INTRODUCTION:

The term 'molecular chaperonin' was carried out to describe the specealized function of the nuclear protein nucleoplasmin in promoting chromatin assembly (Laskey et al.,1978). Chaperonion control and catalysed post translational folding, assembley, or membrane translocation of some protein (Hartl et al.,1994). The most throughly studied chaperonin system is the GroEL and GroES from E.coli (Tilly and Georgopoulos,1982) studied invivo and invitro (Ellis,1987).

Chaperonin belongs to an ubiquitous class of protein that shows a high degree of sequence identity (Hartl and Martin,1995). Chaperonin GroEL and GroES from E.coli being a ubiquitous class of sequence related molecules in bacteria (Mehra et al.,1986) and organelles chloroplast(Hemmingsen et al.,1988), mitochondria(Pickettos et al.,1989) cytoplasm of eukaryotes(Hendrick and Hartl,1993) and archebacteria(Macarion and Mcrio,1994; Gupta,1995).

Most studies on chaperonin has been carried out with chaperonin from mesophilic organism such as E.coli chaperonin with high thermostability naturally exit in thermophiles. Purification of chaperonin from thermophilic bacterium Thermus aquaticus (Mukulik and Benda,1993), Thermo anaerobacter brocku (Truscott et al.,1994) from E.coli(Llorca et al.,1994) has been studied.

In over expressing strain E.coli. U1/pUS01/pUSS1∆CAT, GroES consist of a single heptameric ring of 10 kD and GroEL have two stack ring of both seven identical subunit of 60 kD surrounding a cavity of 90 kD globular protein(Oscar Llorca et al.,1996). The GroES and GroEL protein act in a concerted way in a ATP dependent manner because GroEL has ATPase activity that prevents their non-specefic aggregation during spontaneous folding to their native conformation. They increase the rate of folding product but not increases the rate of protein folding (Hartl and Martin,1995).

MATERIALS AND METHODS:

Chaperonin GroES and GroEL was purified to near homogeneity following method of Buchner et al.(1991) from E.coli U1/pus01/puss1∆ CAT(Buchner et al.,1991). Fractionation and purification was achieved by using collumn of Q-sepharose FF and sephacry S-200 HR. Purification was monitered by 12.5% SDS-PAGE(Laemmli, 1970) visualized by coomassie BB R-250(Merril,1990) and silver staining (Sambrooke et al.,2001) and further confirmed by western blotting(Burnette,1981). Protein was estimated by Bradford(1976) method.

Purification:

GroES and GroEL was purified to near homogeneity as following Cell Growth: Over producing strain E.coli U1/pus01/puss1∆ CAT, generation time was found to 78 mins were grown in LB (Luria-Broth) to an O.D. ₅₇₈of about 1.0. Media contains antibiotics ampicillin 100µl/ml, kanamycin 20µl/ml and streptomycin 30µl/ml.

IPTG induction:

The GroESL gene was induced by the addition of 2mM IPTG added 2 hrs before cell harvesting.
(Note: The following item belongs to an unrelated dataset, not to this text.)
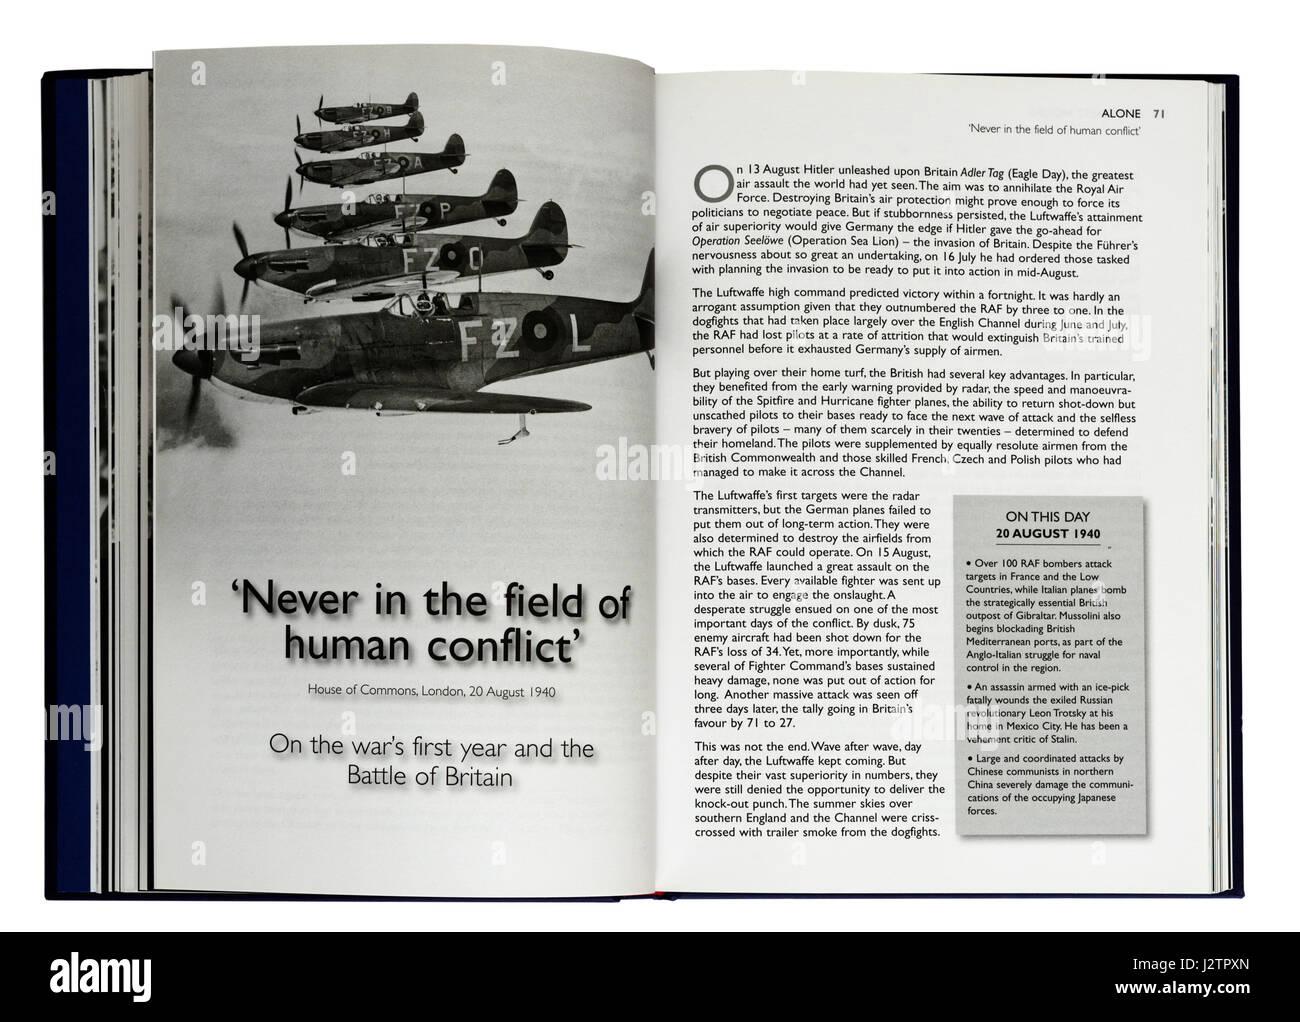 Nie im Bereich des menschlichen Konflikt: eine Seite aus einem Buch Illustrated Winston Churchills berühmten Stockbild
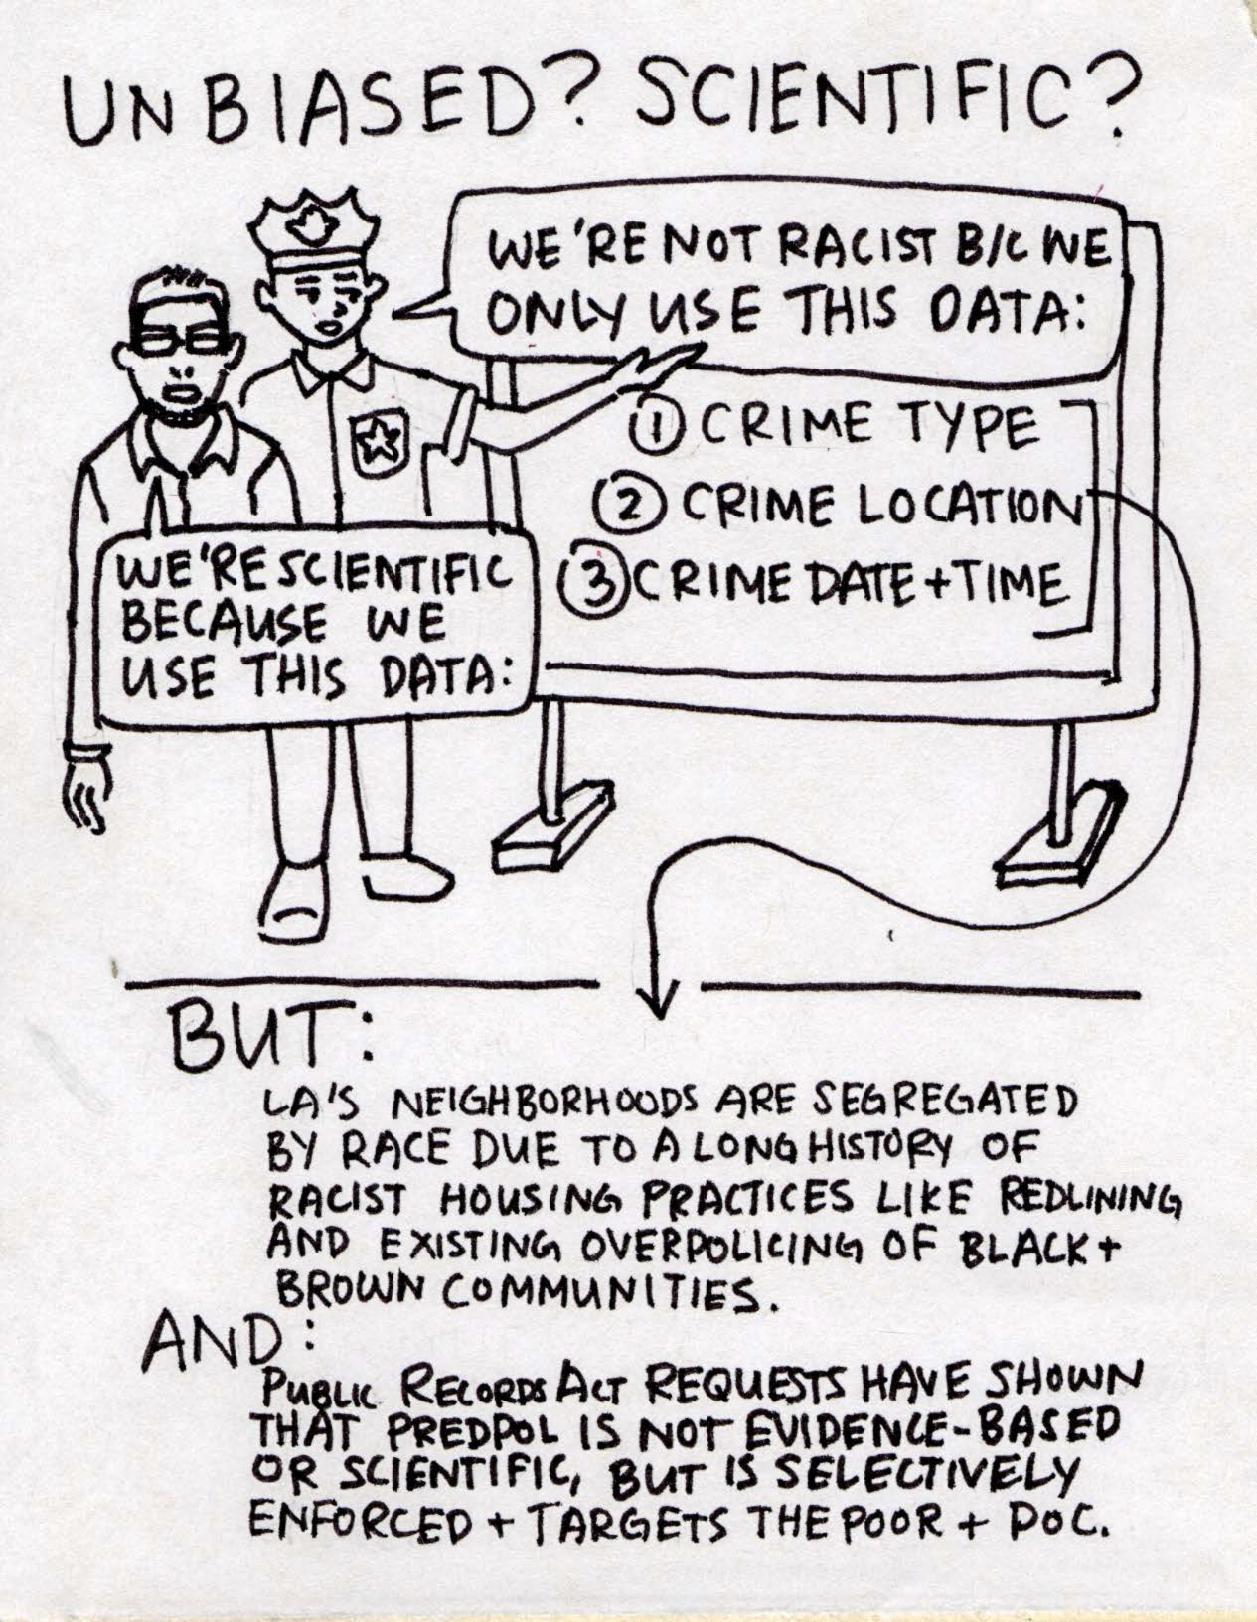 PredPol is LAPD's Racist Predictive Policing Program

Cell were harvested at 7000rpm using GSA and SS-34 roters and store it at -20⁰C till further use.

Table 2. GroES details at different Steps

Steps	GroES (mg)	Absolute(%)
Crude extract after sonication	1360	100
Crude extract after heat denaturation	605	44.7
After Q-Sepharose FF	85	6.29
After Q-Sephacryl S-200 HR	50 mg	3.7

~50 mgs GroES purified from 1.4 litres culture of E.coli. U1/pUS01/pUSS1 ∆ CAT.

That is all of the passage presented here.